Life, like the budding Spring, opens with beauty. The blooming flowers, and green, and verdant fields powerfully impress us with the reflection that life, also, has its Spring-time. The youth, in gaiety commences his course. His path opens amid budding enjoyments, and his heart is filled with delights. He plucks its flowers, and the thorn often reminds him of the pains of too much pleasure; or the cloud that gathers over him admonishes him that all is not sunshine—that pleasure has satiety.

The Summer of Life succeeds the Spring. Its former pleasantness is thrown off, and we begin to grow tired, and sigh for changes. We are satiated with its enjoyments and pleasures, and are inclined to prepare for the Autumn.

Autumn approaches, and its arrival is discovered by its frosts, and winds, and ‘sober livery.’ The leaves are decaying, and fall from the trees—all things bear the hectic-flush of consumption. Man’s faculties, even so begin to fail. He prepares to meet his dissolution.

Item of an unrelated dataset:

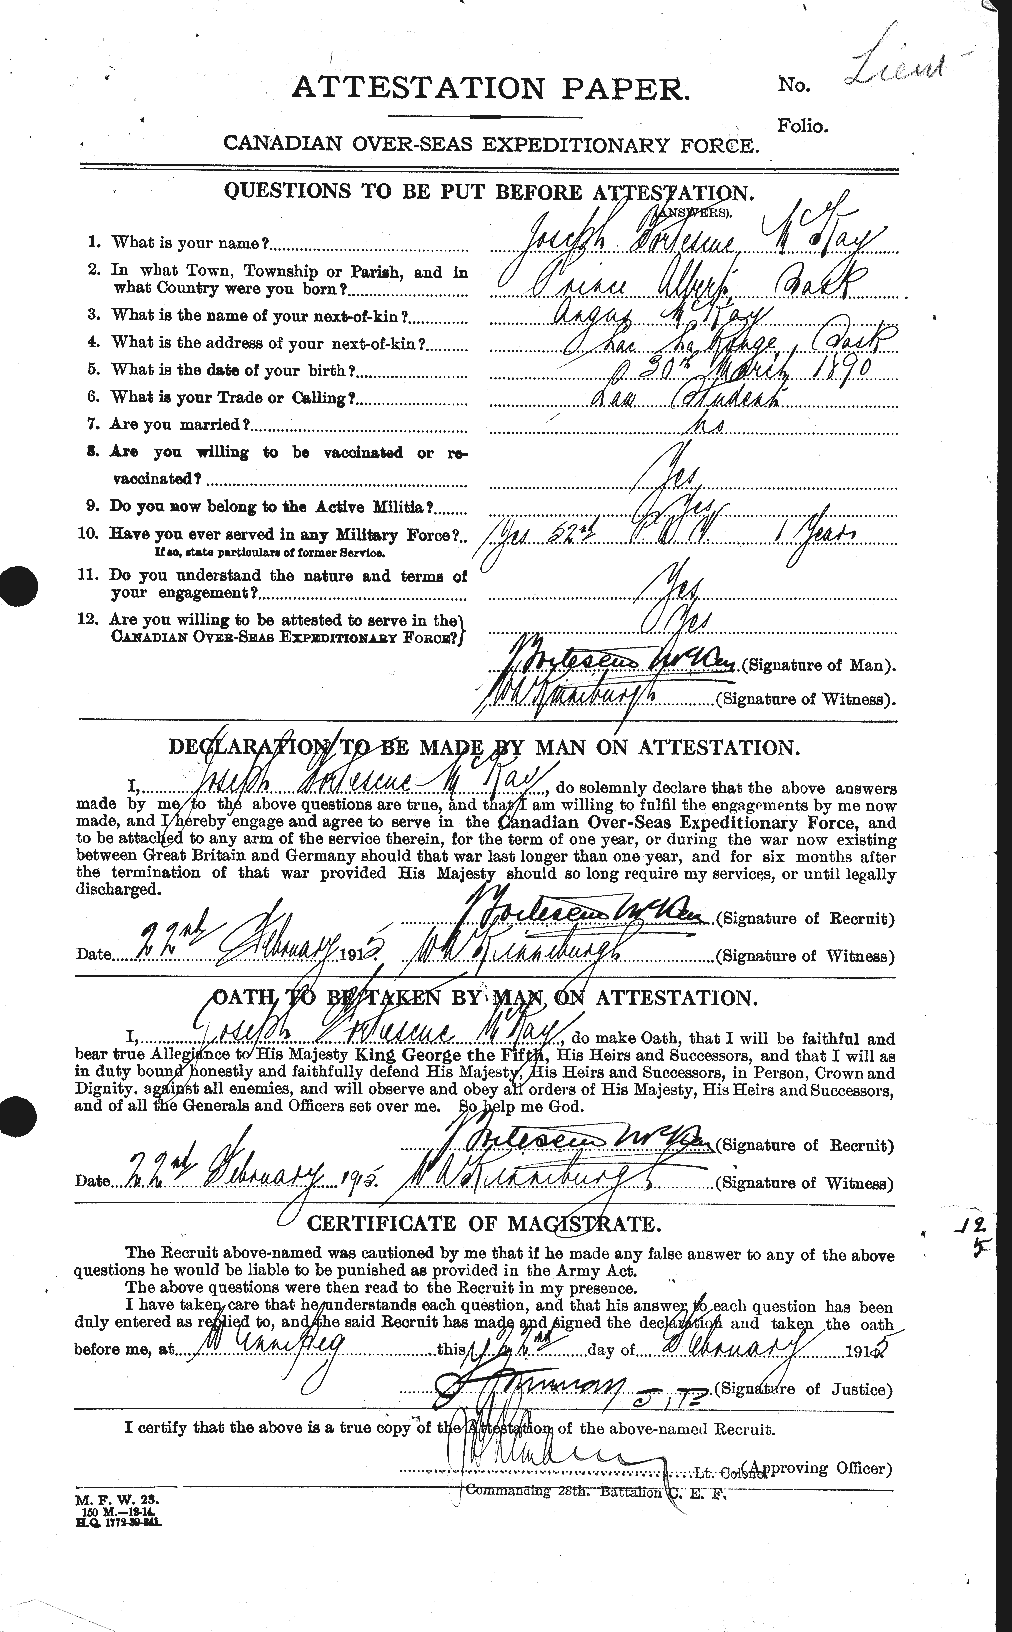 Personnel Records of the First World War - CEF 527114a

Winter comes—the last and aged Season of the year.—So, also, man finds his Winter. He sinks and falls beneath the bleak and cheerless winds of time—his fall speaking only of departed grandeur. The energies of man’s Spring-time have ushered him into the Summer, which has failed him, almost at its entrance; and Time has opened in the Autumn of his life the pathway to the grave, while the prostrating Winter shuts him in the tomb.

But the dull days of Winter are succeeded by the dawning of a perennial and glorious Spring. Man only sleeps in the tomb, like the decayed flowers, to be awakened into a glorious and immortal life—to enjoy a new Spring, unchanging, yet never tiring, and perpetual.